フォルクスワーゲンのEVの先鋒となるゴルフ ブルー eモーション(EV)が日本に上陸した。ゴルフ ブルーeモーションは型式認証を受け、ナンバー登録が行われ日本での公道を走行することになる。VWが推進している「Think Blue.」の活動の一環として、ゴルフ ブルーeモーションの体験試乗ツアーを2012年5月19日から6月24日の週末に全国4ヶ所で開催。このクルマは、日本の自然環境を象徴する「滝」をテーマに環境と共存する考え方を啓蒙するとともに、ユーザー向けにゴルフ ブルーeモーションの体験試乗を行うために使用される。
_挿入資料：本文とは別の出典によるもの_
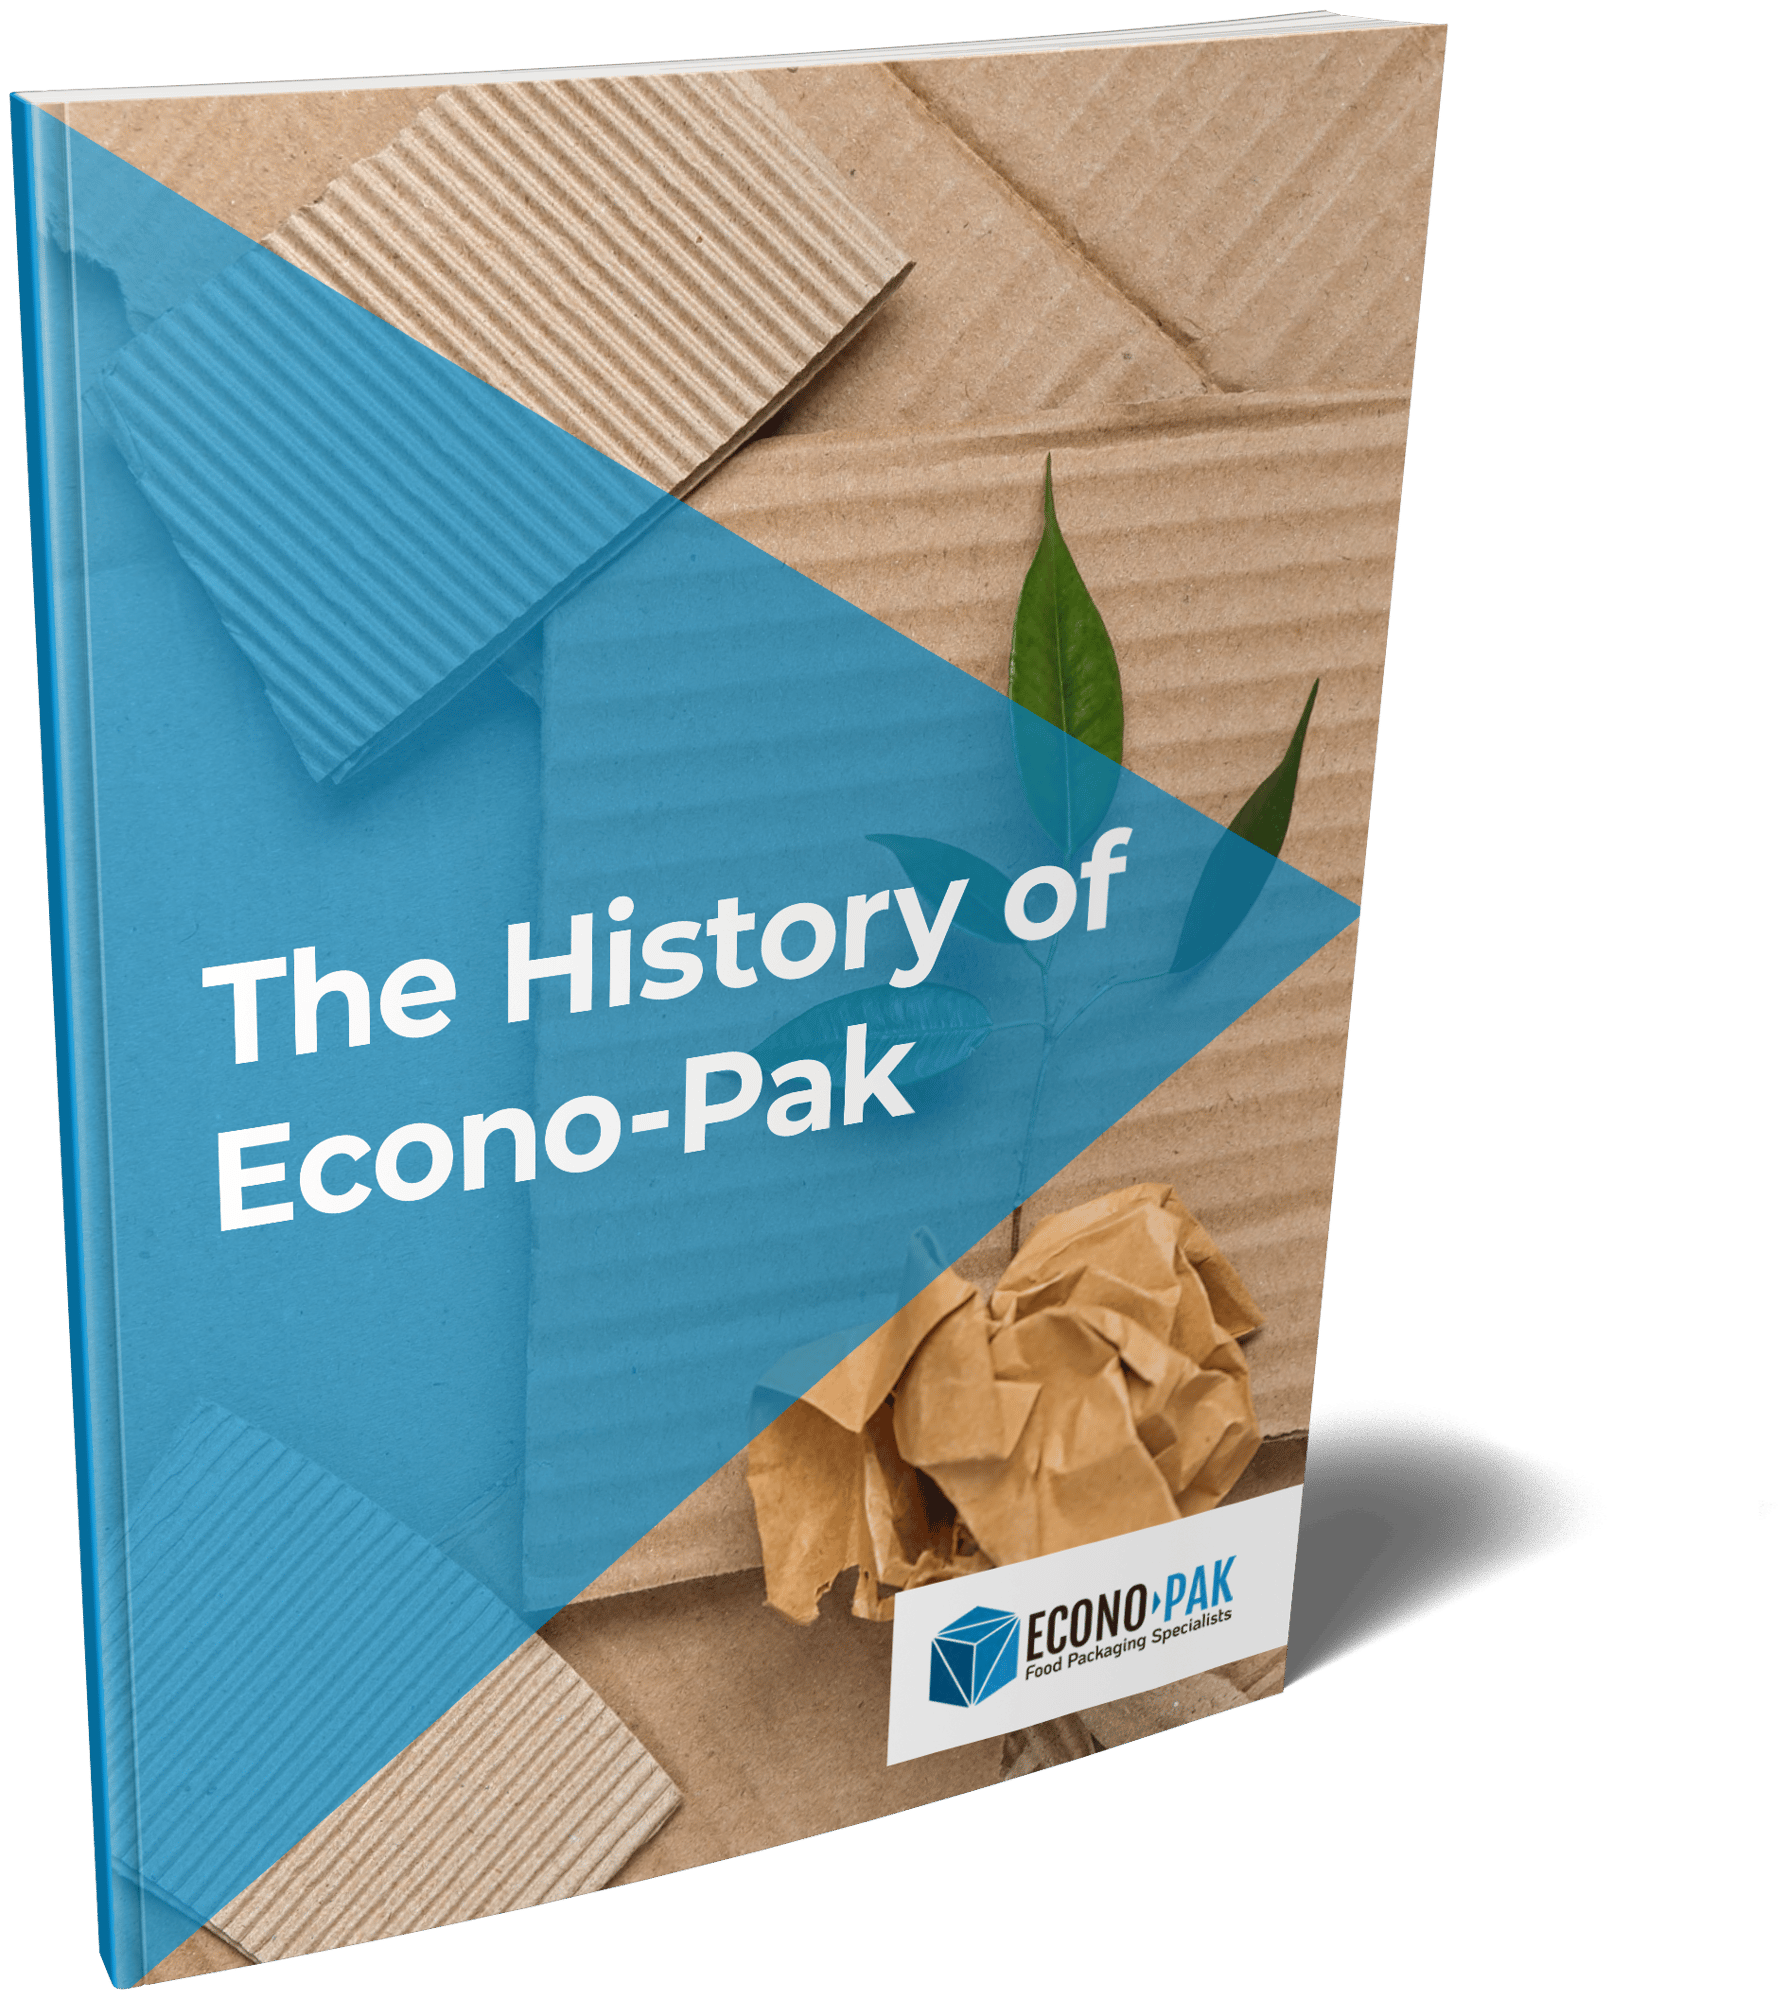 The History of Econo-Pak

VWゴルフ・ブルーeモーションの画像VWゴルフ・ブルーeモーションの画像
↑2010年上海eワークショップでのゴルフ ブルーeモーション。エンジンルームのディテールが異なる

ゴルフ ブルーeモーションは、近年では2010年6月に上海で「E-ワークショップ」で紹介されている。VWの名称である「eモーション」、つまり電動化プロジェクトは以前から推進されており、現在ではゴルフ以外にup!、ビートルでも電気駆動車を開発。ヨーロッパでは2013年に市販を開始し、EV元年とする計画になっている。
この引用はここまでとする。